It is a truth universally acknowledged that a woman in possession of three boys, two dogs and a husband who never turns off the TV must be in want of a She Shed.
What’s a She Shed, you wonder? Just ask Pinterest, which we can simultaneously applaud and blame for bringing this trend into perfect, peppy, inferiority-producing focus. According to the site, a She Shed is a structure in the backyard where a woman can escape the countless demands of her life and find her true self again. It’s “the new man cave!”
But the more pictures I see of She Sheds, the more they scare me. If this is a woman’s answer to a man cave, then I’d rather be a man. Gone are the foosball tables, the beer on tap, the elaborate sound systems and exercise equipment. Instead women get shingle siding, lavender paint, window boxes, lace curtains and an abundance of gingerbread trim. These decorative signposts are all fine in isolation. But cram them together and throw a glue-gun-fueled scrapbooking project on top and the result is a gigantic estrogen explosion. Just imagine a Nancy Meyers movie with Beatrix Potter doing the set design. We might as well force those with a Y chromosome to move to another continent.
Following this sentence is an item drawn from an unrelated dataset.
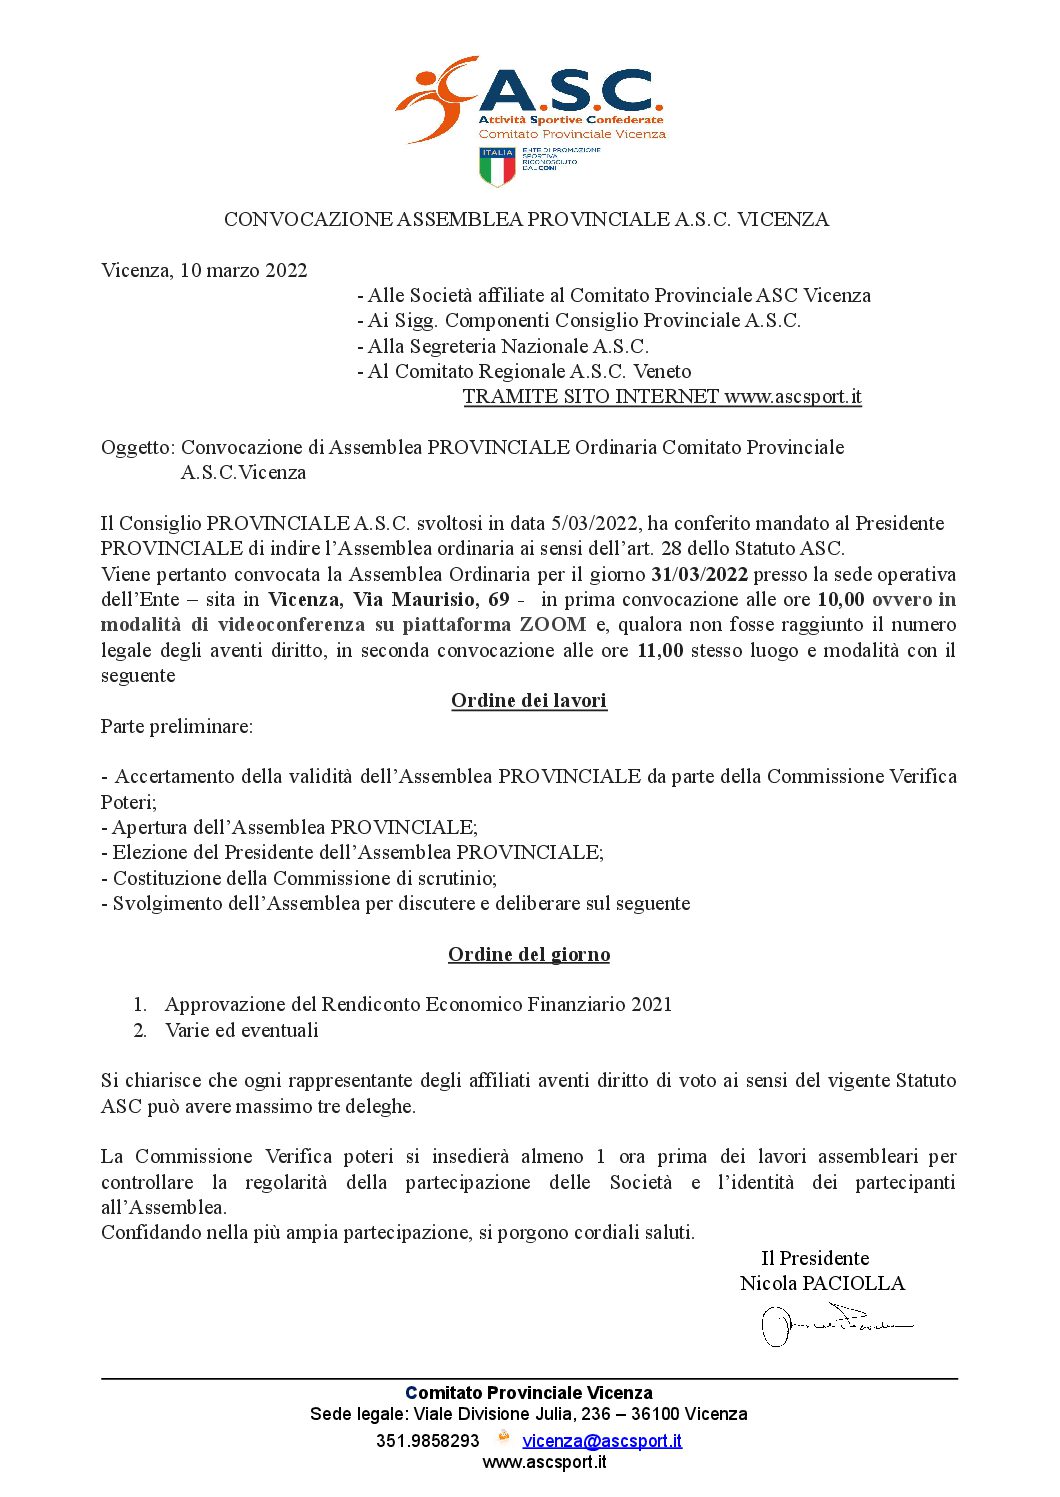 convocazione assemblea provinciale Vicenza marzo 2022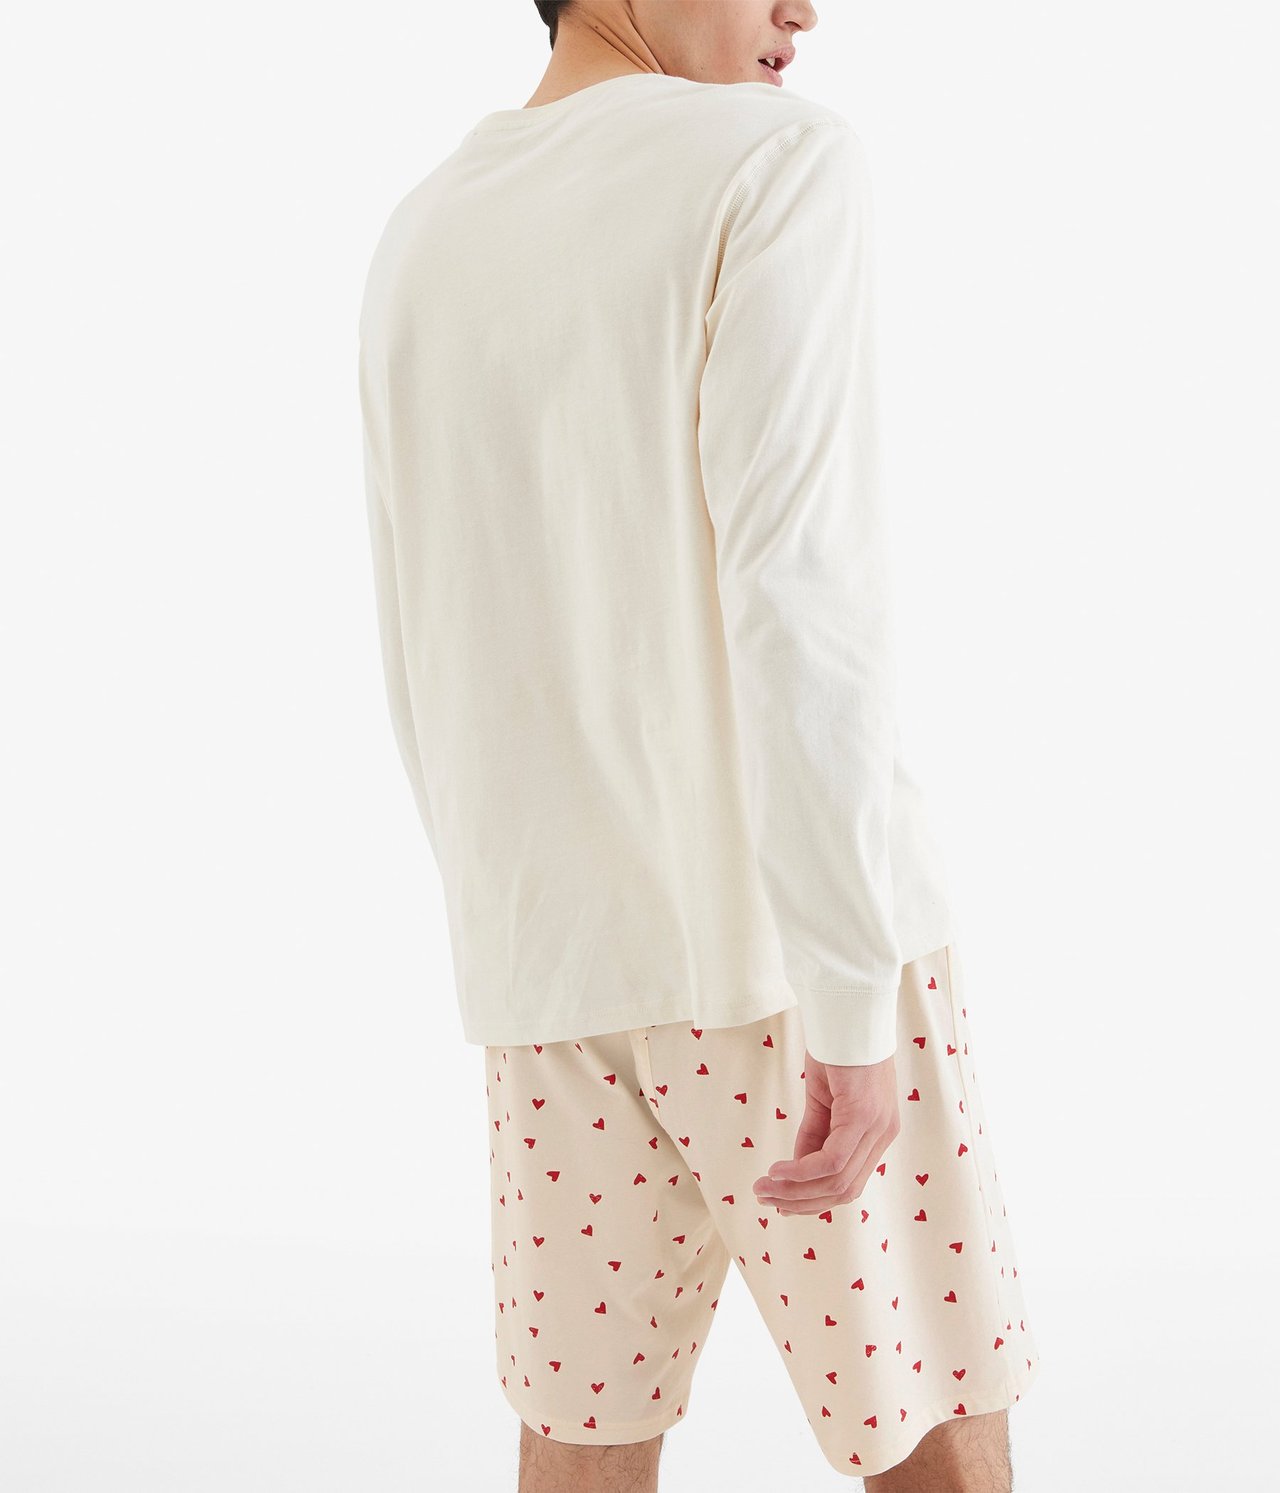 Sydänkuvioiset pyjamashortsit Luonnonvalkoinen - null - 5

Which I’ll admit can be an appealing thought if, like me, you are the mother of three boys. I have a dear friend whose therapist once told him that he starts fires just so he can put them out. I have a similar problem in that I keep having boys and then just want to get away from them. Why? They need me too much. When I was a new mother, I believed that my boys would seek me out for my unique life wisdom and deep insight into the really important things (if a bird in the hand is worth two in the bush; whether virtue is its own reward; why women never get tired of the six-hour Pride and Prejudice starring Colin Firth). But no, my boys need me, and me alone, to find the crapola they have scattered all over the house.
I think What to Expect When You’re Expecting should stop devoting so much attention to labor and delivery (after all, they are fairly brief episodes in the grand scheme of things) and issue an updated edition with a chapter titled “Things Your Children Will Never Be Able to Locate Without Your Help (and Yes, Those Things Are Probably Upstairs).” I, for one, would have been much more prepared for the joys of motherhood if I had read such a chapter when I was pregnant. Instead I greet each day with the vague panic of not knowing when I am going to have to produce a missing shin guard with only three minutes’ notice because the soccer game actually starts half an hour earlier than Dad thought. It’s like waking up every day in the same movie, filled with hidden predators. If the audience knows when they’re going to pop out and scare the heck out of me, it’s not saying.
Which brings me to my latest invention: Mom’s Little Panic Room™. Perfect for the woman who doesn’t have time for window boxes and hates gingerbread trim but still needs an impenetrable escape from the terrifying demands placed on her by disorganized children. I’m pretty sure this is a product that’s going to catch on. Imagine a Kevlar-reinforced bunker with its own communication system and a special hatch in the roof for the delivery of everyday essentials such as sleeping masks and vodka gimlets. Instead of scrapbooking supplies, Mom’s Little Panic Room™ will have custom cubbies well stocked with all the things that are constantly going missing in the average American household because no one (read: children, husbands) puts them back where they belong–nail clippers, flashlights, Scotch tape, AA batteries and pens with caps.
Clever mothers everywhere understand that laziness nearly always trumps need when it comes to missing shin guards–which means if a child is forced to walk all the way outside and penetrate Mom’s Little Panic Room™ in order to get help, well, chances are he can find that shin guard on his own. No more learned helplessness–and plenty of time for Mom to watch all six hours of Pride and Prejudice. Straight through!
Now all I need is someone to fund my idea. I’m imagining a disorganized young tech entrepreneur who needs a surrogate mother. Oh, and someone to find the keys to his Tesla.